11971.fb2 Дай цветочек - читать онлайн бесплатно полную версию книги . Страница 1

Дай цветочек - читать онлайн бесплатно полную версию книги . Страница 1

На улицах города Онгрода людно и шумно. Люди едут, идут, торопятся, говорят, смеются, шумят на разные лады. Посреди мостовой с грохотом катятся возы. По узким тротуарам снуют пешеходы, каждый куда-то спешит, у каждого какое-то неотложное дело…

Встречали ли вы среди этой толпы старуху, с трудом пробирающуюся по краям улицы у самых стен каменных домов, о которые часто трется ее ветхая одежда и к которым прислоняется иногда ее сгорбленная спина, когда эта женщина, тяжело дыша, с каплями пота на сморщенном челе, останавливается передохнуть? Она, как видно, измучена, но не сегодняшним только хождением. Дни, месяцы, годы, всю свою долгую жизнь проблуждала она таким образом среди толпы, вечно отбрасывавшей ее на самые неудобные места — на острые камни мостовой, к застывшим от мороза или раскаленным от зноя стенам городских домов.

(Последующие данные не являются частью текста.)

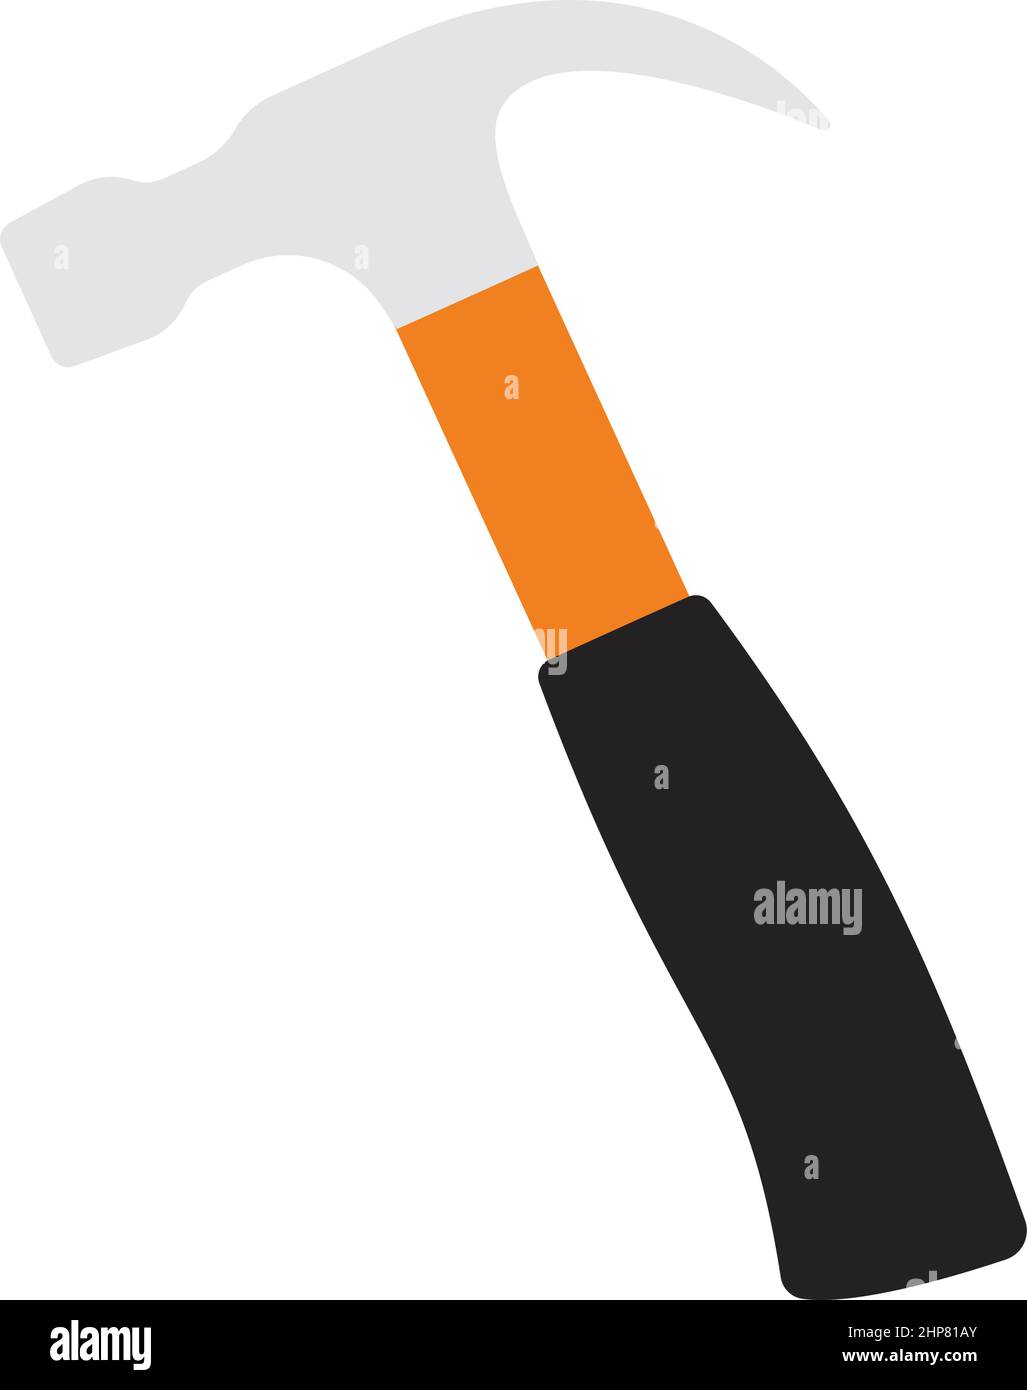 Icon Of Hammer Stock Vector

Посмотрите, как сгорбилась, точно в дугу согнулась, ее спина, как похудело, каким маленьким стало ее лицо, покрытое огрубевшей кожей, как пожелтели и глубоко запали ее губы, как выцвели глаза, когда-то черные, как поблекли веки. А на низком потемневшем лбу сколько морщин! Лоб ее похож на кусок бумаги, которая долго валялась где-нибудь в сыром и мрачном углу и которую чья-то жесткая и безжалостная рука мяла и комкала на разные лады. Не видно волос над этим лбом, потому что голова повязана старым желтым платком, концы которого, завязанные на затылке, падают на плечи этой женщины в просторной кофте с пестрыми заплатами на рукавах, спине и на груди.

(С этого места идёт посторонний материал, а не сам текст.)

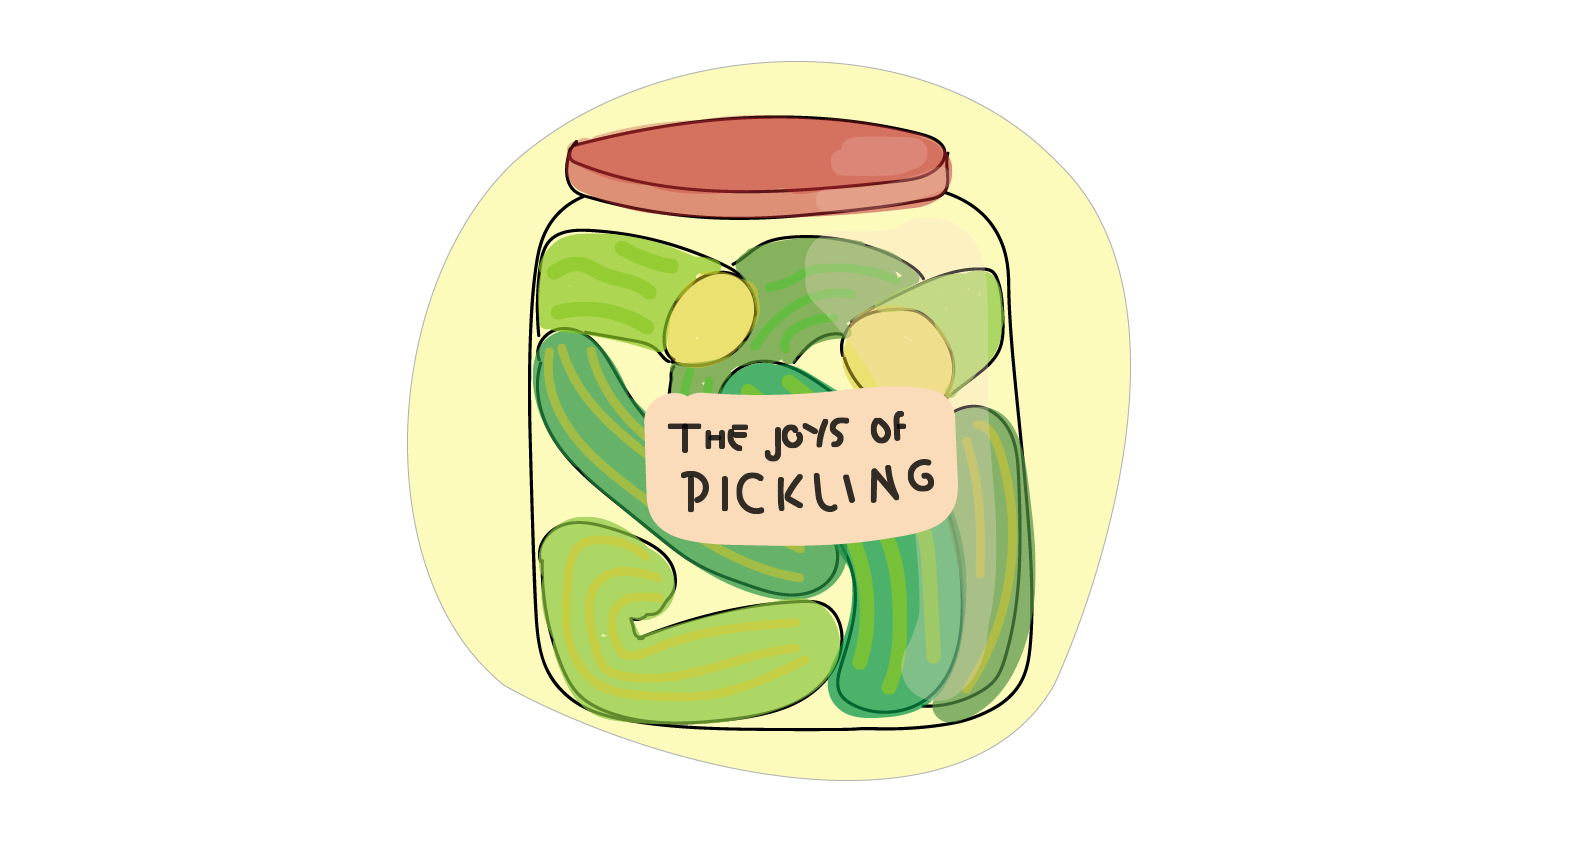 article-covers/the-joys-of-pickling.jpg

На ее ногах, шагающих по острым камням, — плоские ботинки и синие чулки, виднеющиеся из-под юбки. Подол этой юбки представляет собой своего рода бахрому разной длины, отяжелевшую от уличной пыли и грязи.

Знаете ли вы эту женщину?

Я-то знаю ее хорошо. Зовут ее Хаита, она — старьевщица.

Великий боже! Простите ли вы меня, господа, за то, что я хочу познакомить вас с особой, занимающей столь низкое положение в обществе?

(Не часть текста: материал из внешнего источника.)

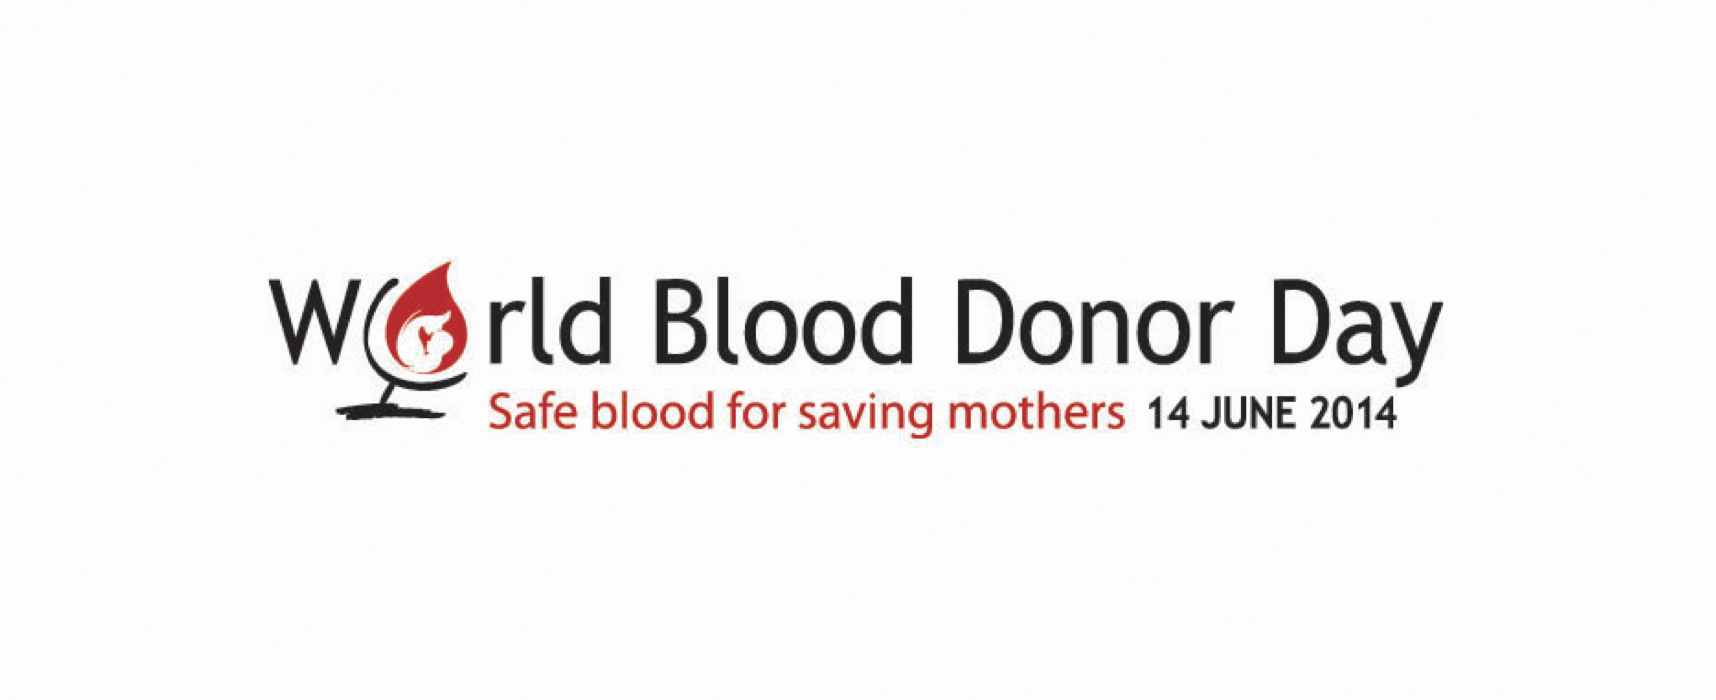 world blood donor day

Быть может, вы скажете мне, что это неприлично да и не нужно? Что же общего может быть между вами и старьевщицей? Простите! Я люблю старую Хаиту и чем больше смотрю на нее, тем больше кажется мне, что между нею и мною существует большая, неразрывная связь. Я и она одинаково принадлежим к той огромной и несчастливой семье, которая называется человечеством! Родная она мне, а стало быть, — еще раз простите меня, господа, — и вам также.

Что до низкого ее положения, то если бы высота общественного положения измерялась количеством перенесенных страданий и тяжелого труда, то уверяю вас, что старьевщица Хаита на старости лет поднялась бы высоко, очень высоко!.

Впрочем, она ведь не всегда была старьевщицей. Прошлое ее… у меня странная, удивительная склонность стараться выведать (или разгадать) прошлое этих существ с морщинистыми лбами и дрожащими желтыми веками, прикрывающими красные от пролитых слез, помутневшие от времени глаза. Время так долго приглядывалось к их глазам, что впитало в себя весь их блеск и краски.

Однажды, помню, в какой-то картинной галерее за границей увидела я подобное лицо на картине. И долго, забыв о прекрасных пейзажах и чудесных портретах дам в бархатных платьях, стояла я перед этим лицом, старым, измятым, вглядывалась в тусклые глаза, улыбалась бледным увядшим губам и мысленно спрашивала: — Какова была ты в молодости? Где жила? Кого любила? Какие страдания, труды, радости сопровождали тебя на длинном жизненном пути твоем, прежде чем привести тебя к могиле, в которую легла ты, такая измученная?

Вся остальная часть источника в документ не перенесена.